Von Devik Jain und Sagarika Jaisinghani

29. April – Die britischen Aktien stiegen am Mittwoch als ermutigende Nachricht über eine mögliche COVID-19-Behandlung und einen Anstieg der Aktien der Kreditgeber Barclays und Standard Chartered, nachdem die Ergebnisse zu einer starken Rally bei Aktien in diesem Monat beigetragen hatten.

Der Blue-Chip-FTSE 100 schloss 2,6% höher, während die im Inland orientierten Midcap-Aktien 3,3% zulegten.

Die britischen Aktien sind auf dem besten Weg, den April mit soliden Gewinnen zu beenden und mehr als ein Drittel der Verluste auszugleichen, seit der Marktverlauf im Februar mit der Ausbreitung der Coronavirus-Krise begann.

Die Hoffnung kehrt zurück und steigert den Appetit auf riskante Vermögenswerte, da die Länder sinkende Infektionsraten melden und die Beschränkungen lockern, während die Nachrichten für eine experimentelle COVID-19-Behandlung ermutigend sind.

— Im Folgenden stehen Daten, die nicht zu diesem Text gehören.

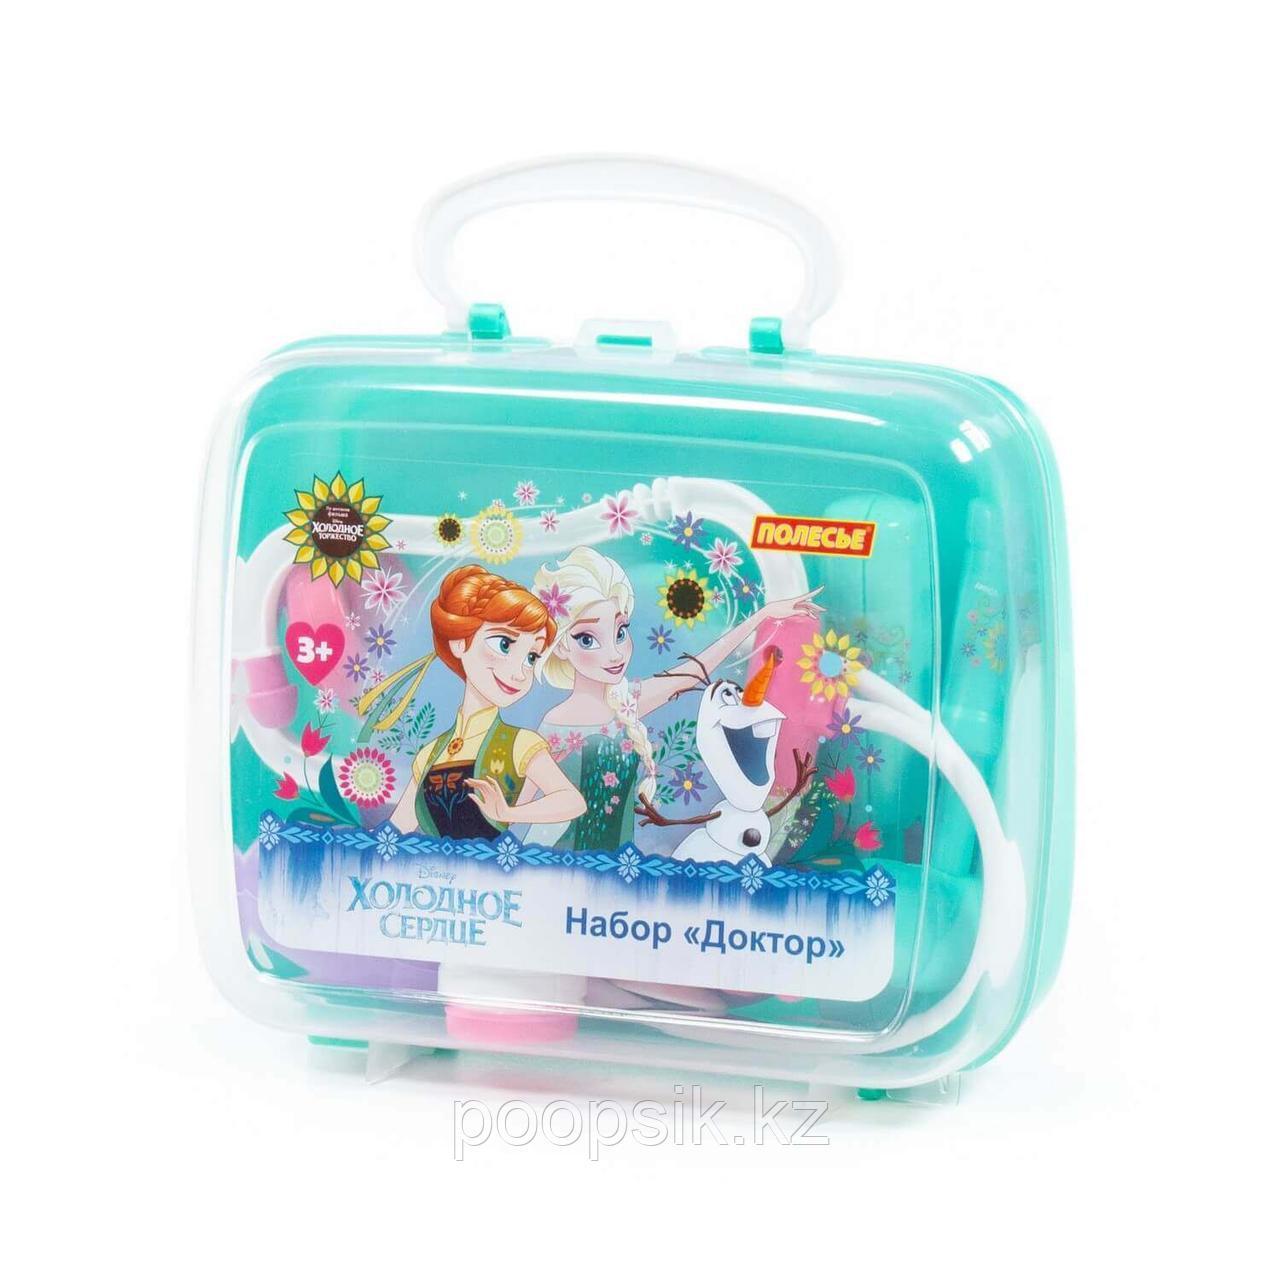 Игровой набор Доктор (Холодное сердце) в чемоданчике Полесье 73204 - фото 2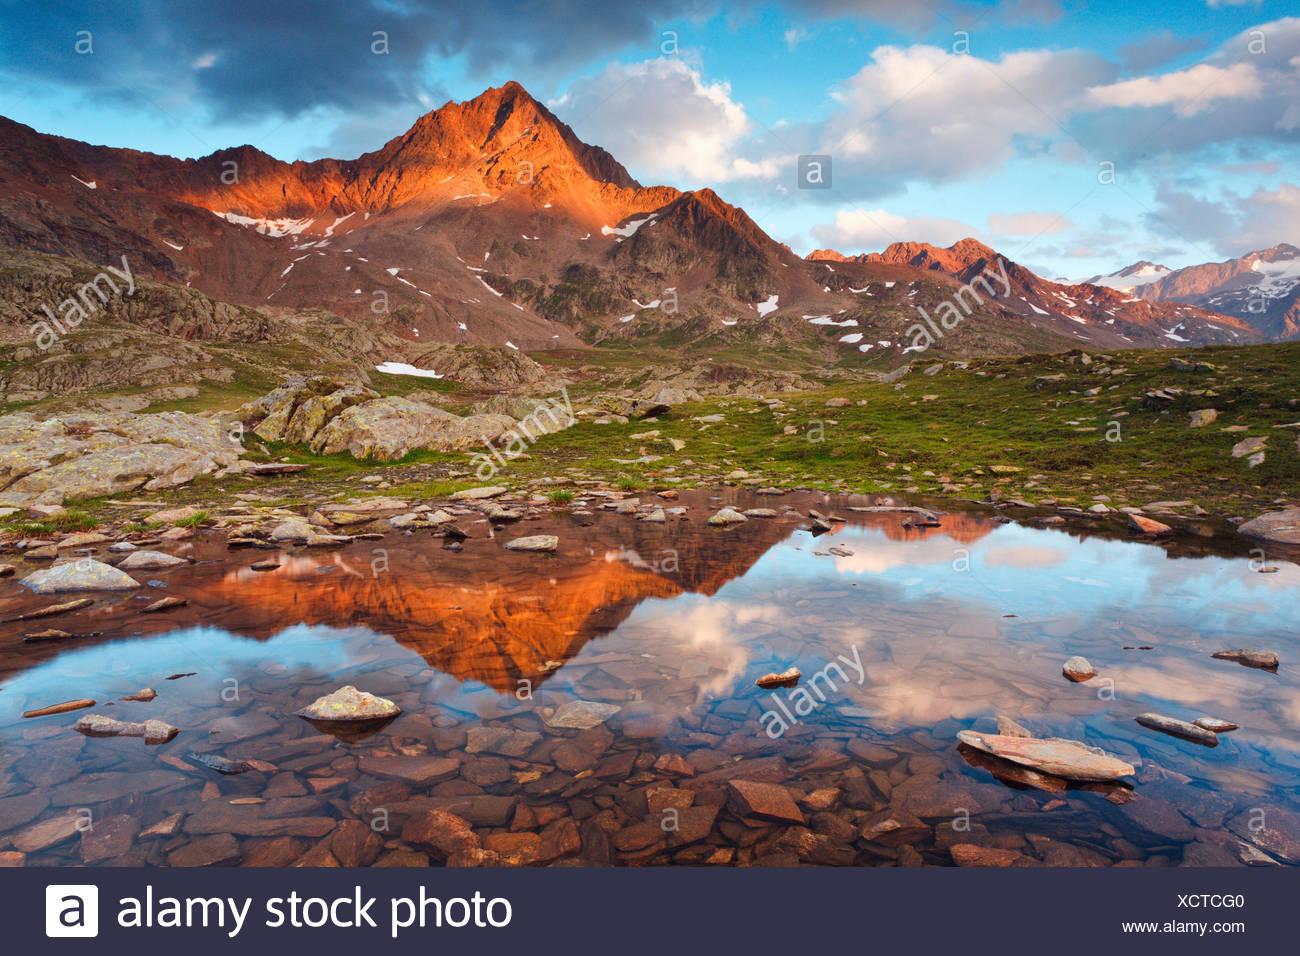 Passo Gavia, provincia di Sondrio, Parco Nazionale dello Stelvio, Lombardia, Italia. Il Corno di Tre Signori si riflette in una piccola pozza. Foto Stock

Der US-amerikanische Arzneimittelhersteller Gilead Sciences sagte, sein experimentelles antivirales Arzneimittel Remdesivir habe in einer klinischen Studie dazu beigetragen, die Ergebnisse für COVID-19-Patienten zu verbessern.

Dies löste eine Rally in den zyklischen Sektoren Großbritanniens wie Banken, Öl- und Gasunternehmen, Bergleuten und Reiseaktien aus, die während der Viruspandemie eine starke Underperformance verzeichneten.

Die Nachrichten halfen den Anlegern, die Daten der Vergangenheit zu betrachten, aus denen hervorgeht, dass die US-Wirtschaft, die größte der Welt, im ersten Quartal seit der Finanzkrise 2008 den stärksten Rückgang verzeichnete.

“Wir haben die Geschichte in den letzten Wochen einige Male gesehen. Die Märkte ignorieren nur kurzfristige Wirtschaftsdaten “, sagte Guy Lebas von Janney Montgomery Scott in Philadelphia. “Die Dauer des Abschwungs ist wichtiger als die Tiefe des Abschwungs.”

In den ergebnisorientierten Nachrichten stieg Barclays Plc um 13%, da eine herausragende Leistung seiner Investmentbank dazu beitrug, die Gewinne der Bank aufgrund eines Anstiegs der Rückstellung für uneinbringliche Forderungen zu mildern.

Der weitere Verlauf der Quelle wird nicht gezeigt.